The three purple candles of Advent tell us that God is certainly at the center of things.  God is where the power and the turbulence are.  But the pink candle reminds us that God is also on the banks of that mighty, turbulent river.  God is also on the sidelines of the fields, where the movers and shakers make their power plays.  That’s where most of us are too.

 

Look at the way the story of Christmas unfolds.  The major characters are on the riverbanks.

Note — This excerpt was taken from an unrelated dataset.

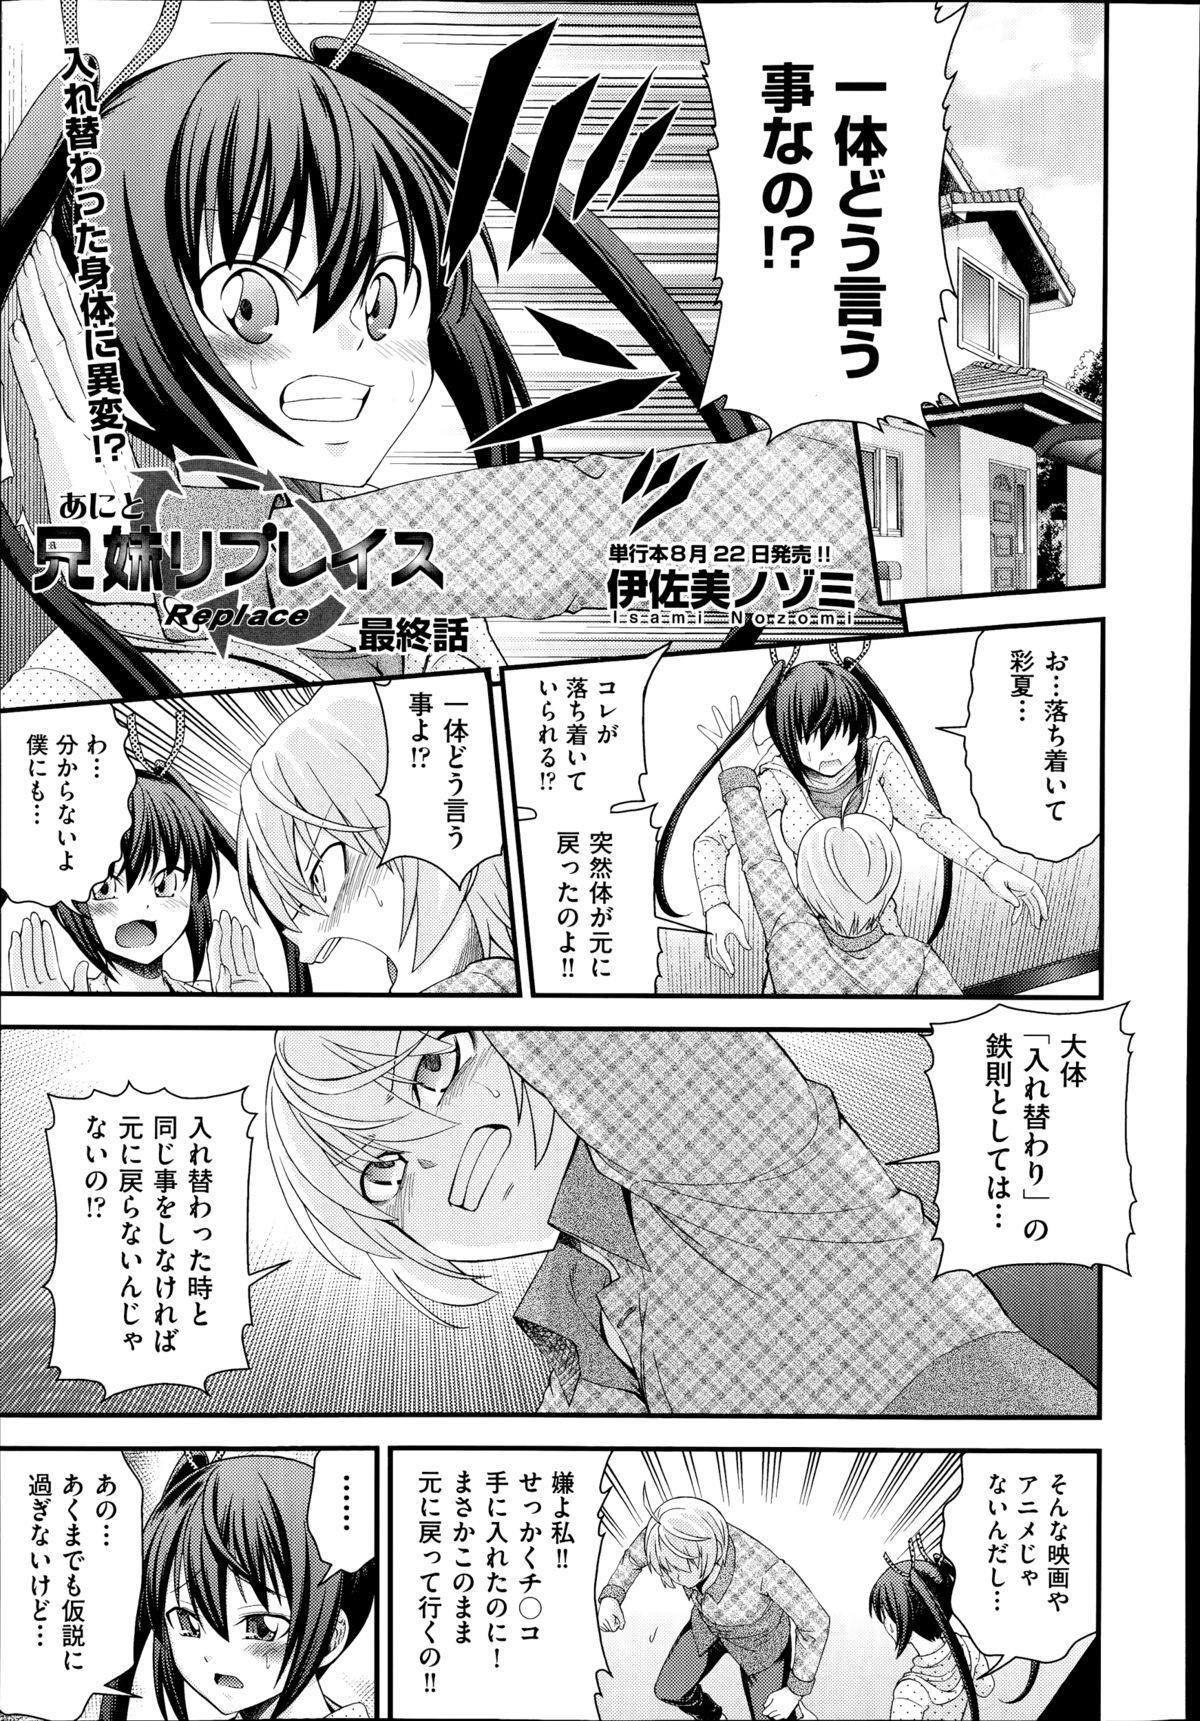 Kyoudai Replace 120

The birth of God’s own Son comes through ordinary men and women.  Mary and Joseph lived in a backwater on the margins of a mighty empire.  God’s love comes alive in humanity in the little people on the banks.  God is to be discovered in the ordinary people we encounter every day.

 

At Christmas, God comes to us, not in the purple of mighty kings.  God comes to us in the pink of a baby: in the ordinary, the everyday, the routine.  And, amazingly, that’s where joy can be found.  There is no joy in power, prestige, or the clashing of swords.  There is no joy in the escape we can find in being entertained or amused.  Joy can only be found in the intimacy of the ordinary.  Joy can only be found when we make ourselves vulnerable, when we risk ourselves in love.

 

Joy can only be found when we truly let ourselves go in trust and hope, in the people and places of our day to day lives.  For most of us, there are no people who seem so ordinary as the members of our families.  You may remember the book by Erma Bombeck, entitled “Family: the Ties That Bind and Gag.” It is a very funny book.  It also holds a lot of truth.  Families can be tough to live with.  Family ties can bind and gag us, if we don’t continually search for the new and emerging in the people we’re closest to.  But when we’re open to the new, when we risk ourselves in love for those closest to us, it can also bring joy.  That joy comes when we open ourselves to one another in trust and hope.

 

This is the Christmas secret of the pink candle.  This is the Christmas secret discovered by husbands and wives who always look for the new that might be emerging in their partner.  This is the Christmas secret discovered by those who have a caring curiosity about their loved ones.  This is the Christmas secret discovered by sisters and brothers, life-long friends, co-workers, anyone willing to be caringly curious about the other person.  The reality of another human being, any human being, is inexhaustible.  Each one of us is a mystery to the other.  A mystery of gladness and sorrow.  A mystery of fears and hopes.  A mystery of hurts and compassion.  We are even a mystery to ourselves at times.

 

In everyone’s life, there is a period of adolescence when we want to push away from those familiar riverbanks, push out beyond the bonds of family and childhood friends.  We want to strike out on our own, to discover a larger and more exciting world.  We want to leave the banks and enter the rushing river.  This is a very healthy impulse.  In fact, we worry about young people who don’t push out.  Unfortunately, though, many of us remain in that adolescent phase for our entire lives.

 

The light of the pink candle says that the love of God is not found in fantasies about power and excitement, fantasies we might enjoy as teenagers.  The light of the pink candle says that the love of God is found in the grown up commitment to the ordinary, the everyday, the routine.  The love of God is found when you and I reach out with a caring curiosity, to deepen relationships with those who are closest to us, to discover the new in the every day.

 

When we are babies, we are so vulnerable that we will die if we don’t receive love.  But as adults we will lose our lives if we don’t give love.  We will lose our lives if we don’t make ourselves vulnerable to the people close to us, if we don’t risk being open to the other.  That’s where true joy is found.

 

At Christmas, the pink candle glows with the joy that God has immersed God’s own self in the ordinary human condition, rooted on the riverbanks.  God comes to us in the pink of a baby: in the ordinary, the everyday, the routine.  And, amazingly, that’s where joy can be found.  It’s not likely that any one of us will become a purple candle person, a person of great power and might in the world.  But each of us, by giving and receiving love, can become a pink candle person.  So let the light of joy be born in you this Christmas.  And tell about the light all year long.